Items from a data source
* * * * *

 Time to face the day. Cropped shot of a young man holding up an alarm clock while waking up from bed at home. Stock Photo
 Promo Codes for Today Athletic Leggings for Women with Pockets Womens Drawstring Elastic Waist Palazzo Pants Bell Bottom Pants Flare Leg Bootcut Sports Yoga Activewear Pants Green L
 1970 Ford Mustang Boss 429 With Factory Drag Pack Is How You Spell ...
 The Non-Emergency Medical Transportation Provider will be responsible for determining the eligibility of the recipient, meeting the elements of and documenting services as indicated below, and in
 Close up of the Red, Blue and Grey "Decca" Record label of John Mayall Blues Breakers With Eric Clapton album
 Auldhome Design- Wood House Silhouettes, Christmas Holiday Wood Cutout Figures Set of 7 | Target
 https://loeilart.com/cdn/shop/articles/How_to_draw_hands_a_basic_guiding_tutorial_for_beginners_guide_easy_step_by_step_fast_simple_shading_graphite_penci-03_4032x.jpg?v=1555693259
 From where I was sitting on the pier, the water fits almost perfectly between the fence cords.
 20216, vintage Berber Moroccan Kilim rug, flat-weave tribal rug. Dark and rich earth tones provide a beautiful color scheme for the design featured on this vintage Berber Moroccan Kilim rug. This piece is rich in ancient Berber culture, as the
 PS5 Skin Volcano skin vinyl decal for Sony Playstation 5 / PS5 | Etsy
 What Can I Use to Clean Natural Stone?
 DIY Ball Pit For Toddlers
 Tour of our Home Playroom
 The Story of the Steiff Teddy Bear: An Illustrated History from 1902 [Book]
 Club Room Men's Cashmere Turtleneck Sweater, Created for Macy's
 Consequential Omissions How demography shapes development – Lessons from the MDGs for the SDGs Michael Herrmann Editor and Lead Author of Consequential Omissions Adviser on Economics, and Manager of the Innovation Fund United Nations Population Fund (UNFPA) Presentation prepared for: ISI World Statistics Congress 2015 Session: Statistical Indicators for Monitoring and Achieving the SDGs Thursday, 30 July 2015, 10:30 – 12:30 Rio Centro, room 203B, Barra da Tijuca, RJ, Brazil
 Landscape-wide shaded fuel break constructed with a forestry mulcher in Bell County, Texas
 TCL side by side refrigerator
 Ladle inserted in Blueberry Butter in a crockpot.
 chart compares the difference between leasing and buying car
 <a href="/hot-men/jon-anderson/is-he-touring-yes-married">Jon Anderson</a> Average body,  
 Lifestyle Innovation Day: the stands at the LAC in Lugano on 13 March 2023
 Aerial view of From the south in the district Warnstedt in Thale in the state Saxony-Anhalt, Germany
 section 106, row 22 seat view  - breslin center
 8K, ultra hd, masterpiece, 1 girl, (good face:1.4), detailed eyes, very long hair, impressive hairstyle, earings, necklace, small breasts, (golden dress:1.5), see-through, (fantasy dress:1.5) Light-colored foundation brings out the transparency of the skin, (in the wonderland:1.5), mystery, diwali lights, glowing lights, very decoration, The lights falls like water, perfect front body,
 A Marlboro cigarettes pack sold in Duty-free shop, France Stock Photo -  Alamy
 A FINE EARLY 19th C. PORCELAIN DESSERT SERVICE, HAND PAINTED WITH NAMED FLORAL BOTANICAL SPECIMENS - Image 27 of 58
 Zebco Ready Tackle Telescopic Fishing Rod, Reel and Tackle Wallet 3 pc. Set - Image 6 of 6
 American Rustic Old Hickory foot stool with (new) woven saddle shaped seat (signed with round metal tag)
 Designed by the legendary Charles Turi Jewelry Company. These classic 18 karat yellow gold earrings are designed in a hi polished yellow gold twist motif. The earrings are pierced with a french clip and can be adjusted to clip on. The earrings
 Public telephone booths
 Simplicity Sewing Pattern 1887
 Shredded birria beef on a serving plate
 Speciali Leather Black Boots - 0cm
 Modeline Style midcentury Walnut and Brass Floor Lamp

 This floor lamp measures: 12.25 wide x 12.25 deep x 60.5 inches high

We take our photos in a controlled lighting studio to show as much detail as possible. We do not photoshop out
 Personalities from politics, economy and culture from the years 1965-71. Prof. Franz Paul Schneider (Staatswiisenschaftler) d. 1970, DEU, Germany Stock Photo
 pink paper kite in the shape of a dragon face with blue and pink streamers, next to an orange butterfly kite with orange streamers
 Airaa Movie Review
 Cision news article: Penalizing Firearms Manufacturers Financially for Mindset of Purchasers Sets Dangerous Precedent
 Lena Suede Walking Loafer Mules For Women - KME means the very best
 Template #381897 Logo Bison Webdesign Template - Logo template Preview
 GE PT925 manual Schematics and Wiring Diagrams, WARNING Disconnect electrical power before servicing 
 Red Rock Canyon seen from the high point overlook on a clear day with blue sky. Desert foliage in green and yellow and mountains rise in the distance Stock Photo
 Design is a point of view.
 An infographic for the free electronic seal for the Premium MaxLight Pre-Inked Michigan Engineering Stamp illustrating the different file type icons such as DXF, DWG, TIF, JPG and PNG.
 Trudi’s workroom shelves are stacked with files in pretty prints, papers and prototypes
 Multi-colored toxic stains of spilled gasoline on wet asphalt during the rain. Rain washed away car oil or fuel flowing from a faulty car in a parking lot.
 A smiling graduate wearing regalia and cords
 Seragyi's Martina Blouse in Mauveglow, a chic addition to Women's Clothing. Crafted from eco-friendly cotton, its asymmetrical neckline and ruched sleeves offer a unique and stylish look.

* * * * *

WHAT TO WORK ON
Only the lines above from the one with "Lifestyle Innovation Day: the" up to and including the one with "section 106, row" should be repeated, exactly as written.

SOLUTION TO THE EXERCISE
 Lifestyle Innovation Day: the stands at the LAC in Lugano on 13 March 2023
 Aerial view of From the south in the district Warnstedt in Thale in the state Saxony-Anhalt, Germany
 section 106, row 22 seat view  - breslin center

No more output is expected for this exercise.